Resistor Trimming

Oct. 25, 2007
What kinds of applications utilize precision resistor trimming? Obvious applications include setting operational-amplifier gain and offset and voltage regulator output (Fig. 1a and 1b). But there are many others, such as sensor bridg
What kinds of applications utilize precision resistor trimming?

Obvious applications include setting operational-amplifier gain and offset and voltage regulator output (Fig. 1a and 1b). But there are many others, such as sensor bridges and various specialty IC applications (Fig. 1c).

What are the options for resistor trimming?

Designers can use precision discretes, though practically speaking, this approach is limited to prototyping. For production trimming, the classic choices have been laser-trimming, using either resistors fabricated alongside active devices on an integrated-circuit die or trimmable discrete devices, and digital potentiometers. Recently, a third alternative known as the rejustor has become available.

How does laser-trimming work, and what are its pluses and minuses?

As part of the back end of IC manufacturing, trimming is accomplished by burning away part of the resistor structure using a laser beam. As the resistor's effective cross-section is reduced, resistance increases. The trimming is frequently done in conjunction with wafer probing, so it isn't so much the resistance that is being monitored to control how much material is being removed as it is some characteristic (e.g., amplifier gain) of the circuit being probed that is adjusted. Most of the advantages of laser trimming lie in the decades of experience the technology has accumulated. On the downside, laser equipment is fairly capital-intensive.

How about digital pots?

A digital potentiometer is essentially a ladder network whose switches are controlled by a digital input. Some digital pots incorporate nonvolatile memory to maintain their setting when power is removed, and some do not. Digital pots are very handy when a voltage divider is called for.
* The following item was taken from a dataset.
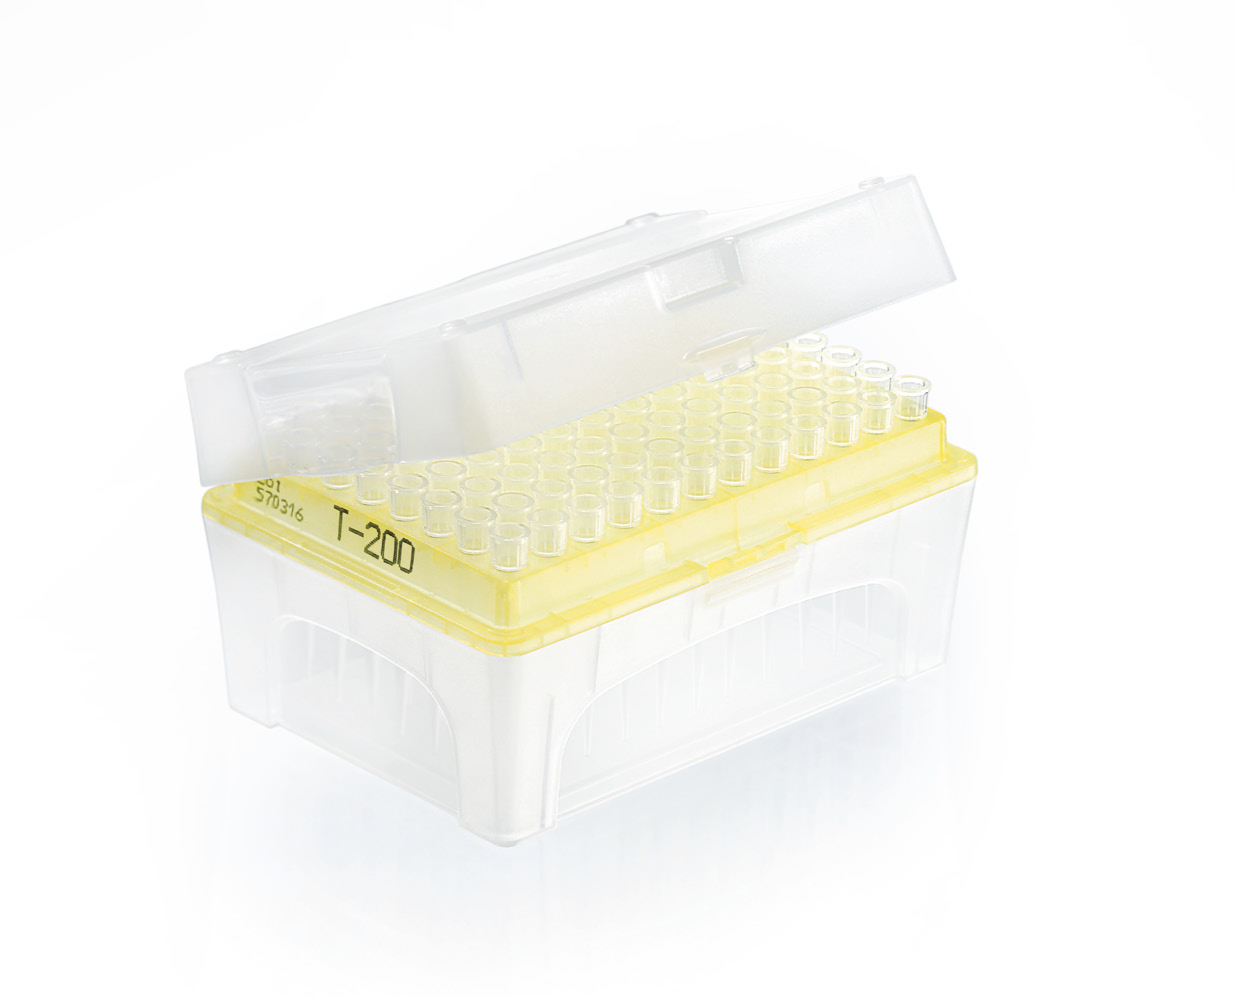 Filter tips rack DNA-/RNase-free IVD TipBox 1,0 - 20 μl, PCK=480
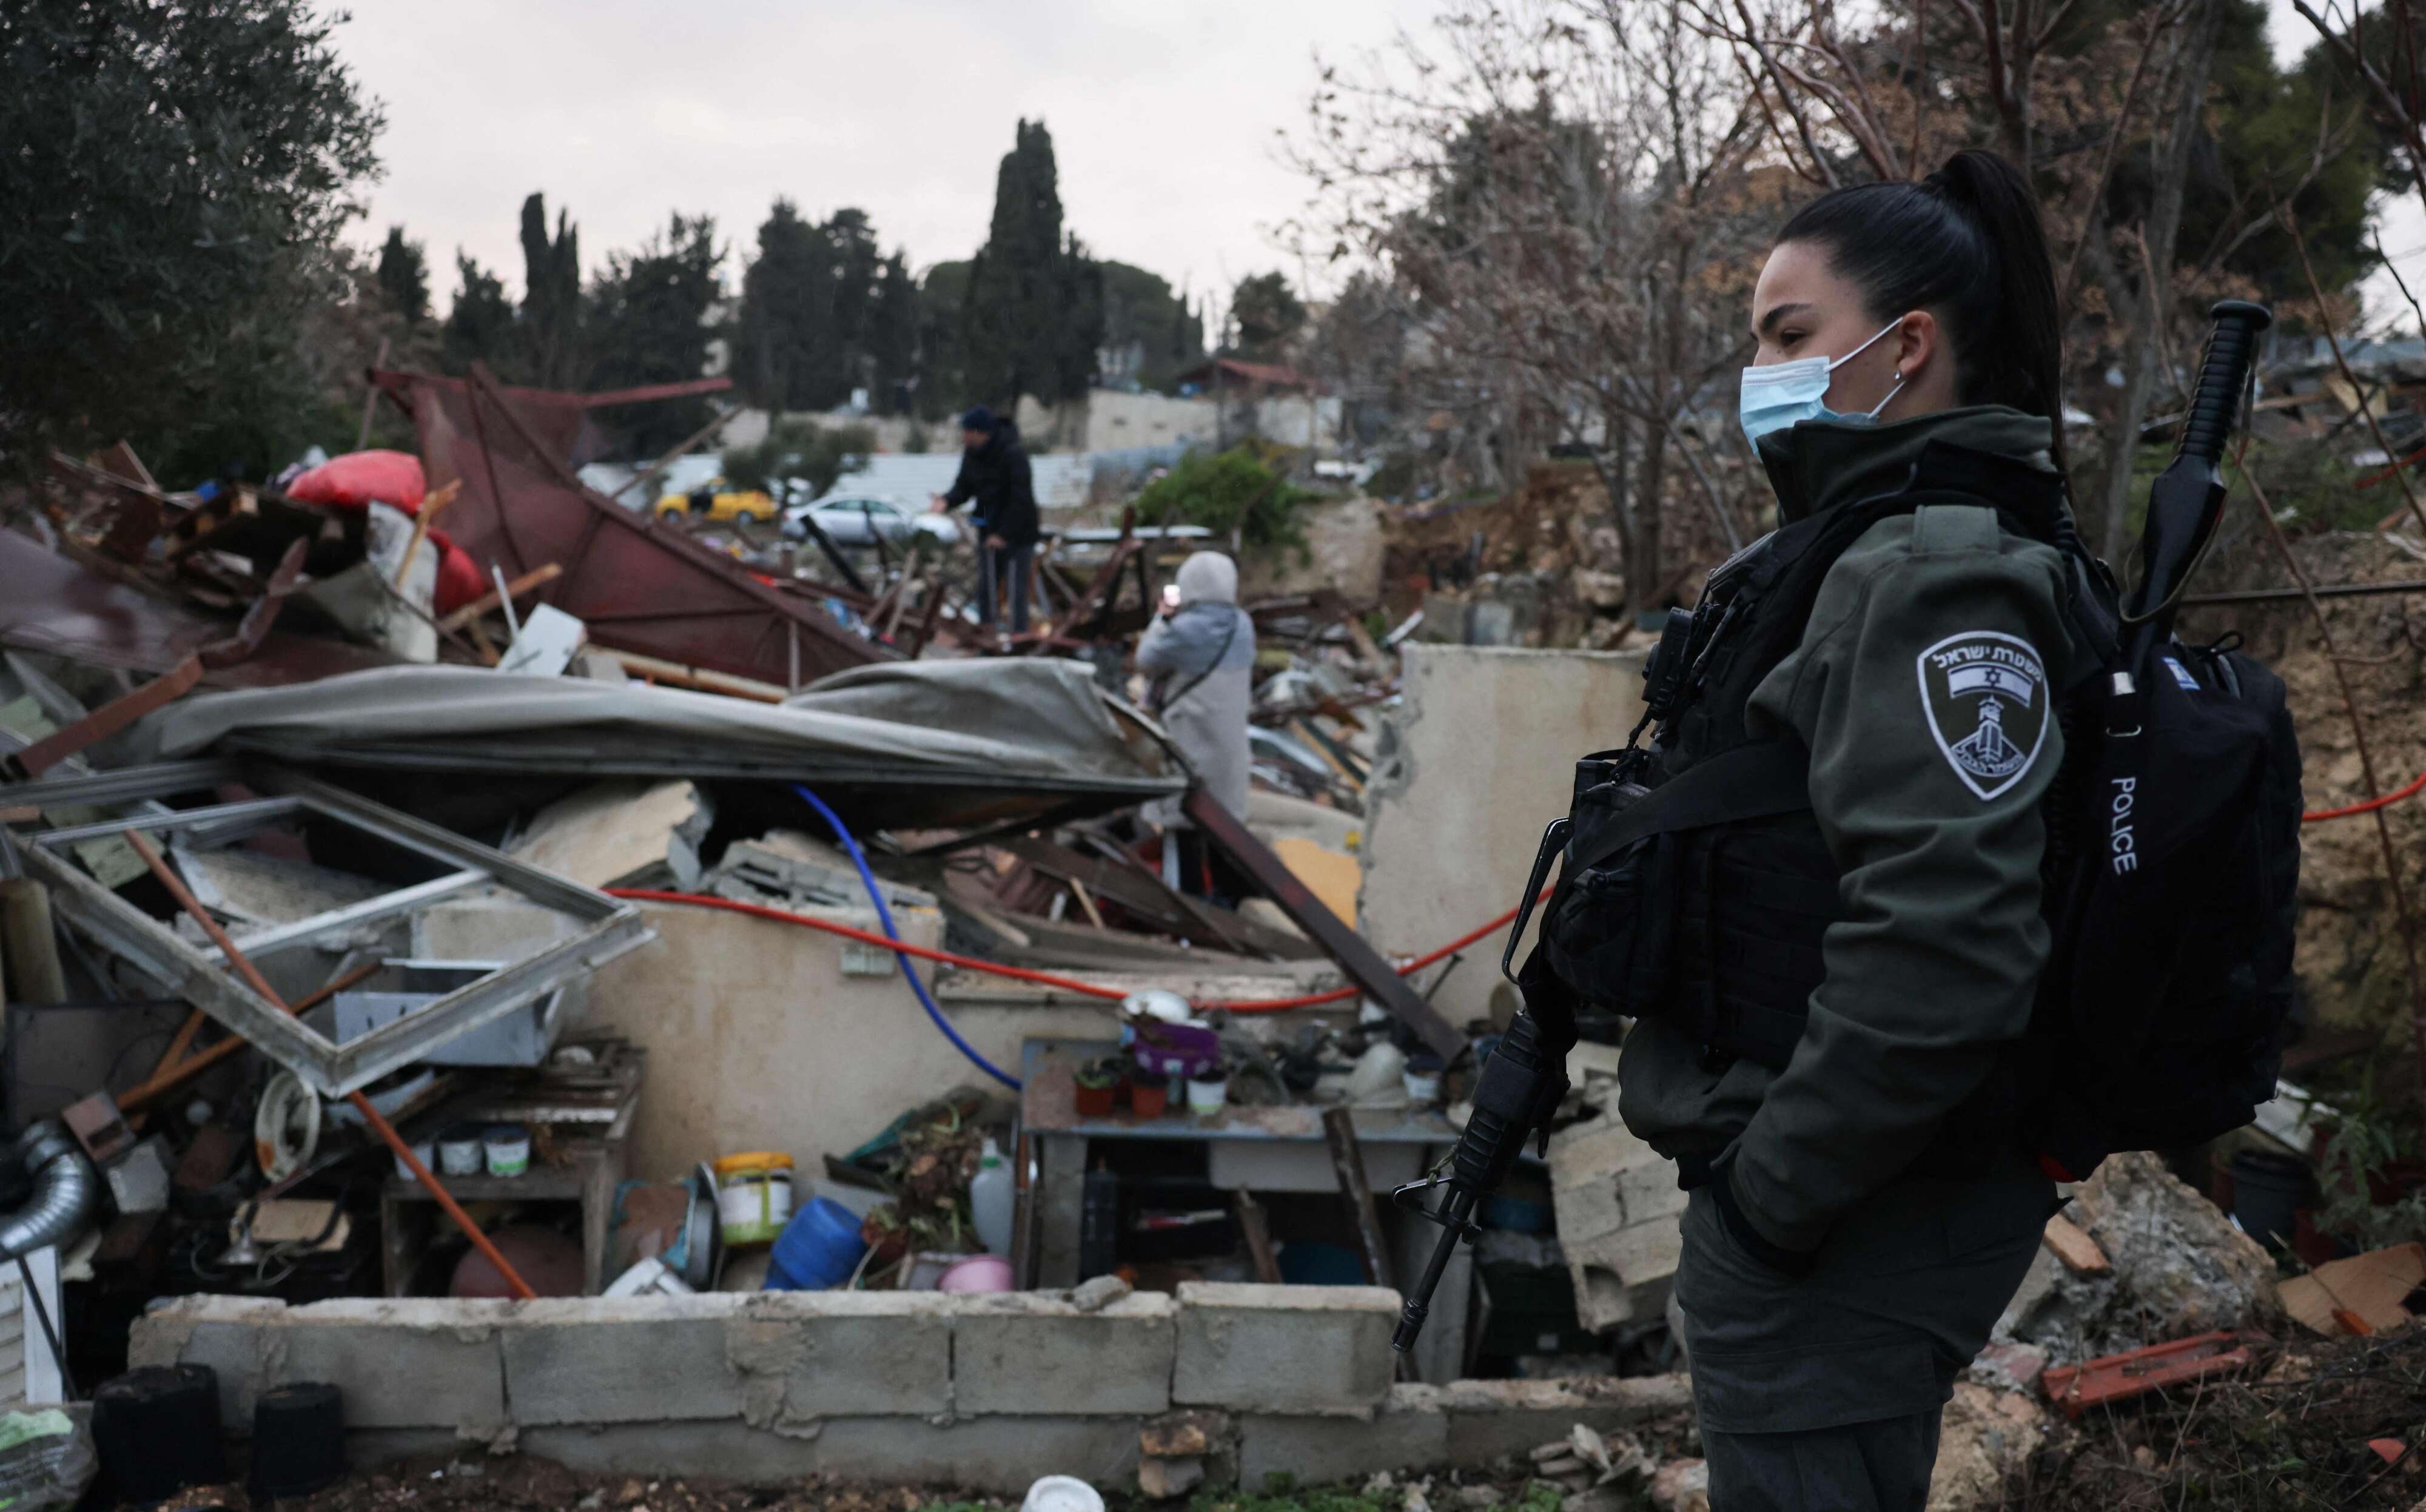 Israeli police demolish Palestinian home: AFP photographer, police

But since they're digital, their controllability is more granular than what would be possible with the highestprecision laser trimming. Also, designers must deal with a fixed amount of "wiper resistance." Their maximum allowable current varies with wiper position. And, digital pots often are frequency-limited by their packaging and generate the most thermal and 1/f noise of any adjustable resistor technology.

What about rejustors?

As a new technology, rejustors take a little more explanation. Although they can be processed at the IC fab level, the only products that have been announced to date are discretes, packaged in pairs to form voltage dividers.

Think of these products as something like digital potentiometers, but with lots of bandwidth (up to 2 GHz) and low noise-roughly equivalent to a metal-film resistor. They're continuously adjustable, like a physical pot, but without any wiper resistance. As with lasers, the object of trimming is usually to adjust some performance characteristic.

Each rejustor has two components: a thermally isolated poly film resistor and an adjacent power resistor (Fig. 2). For trimming, the power resistor is pulsed in a controlled fashion, briefly raising the temperature of the rejustor resistor. The result is an annealing that changes the rejustor's resistance in a controlled and predictable manner.

Why do it that way?

Rejustors make it possible to adjust resistance and temperature coefficient (TC) to independent targets. The adjustment software makes it possible to recursively adjust both those characteristics incircuit. In practice, designers pick a nominal value for the rejustor. During production, each circuit is fine tuned not just for trim point, but for TC as well. Also, rejustors have lower capital-equipment costs than trimming lasers.

Doesn't a resistor that gets set by thermal means imply drift in operation?

No. The annealing takes place at temperatures far above equipment operating (or soldering) temperatures.

When rejustors are eventually integrated inside monolithic devices, won't the annealing process damage adjacent semiconductor structures?

Again, no. The rejustors are thermally isolated. During fabrication, one or more dopant implant masks are used to tailor the rejustor resistor-poly film. (This is in addition to the other masks used to fab the IC.) At the end of fabrication, the resistive microstructures are released by a bulk-silicon etch process, leaving them suspended over a cavity, providing thermal isolation and low thermal mass.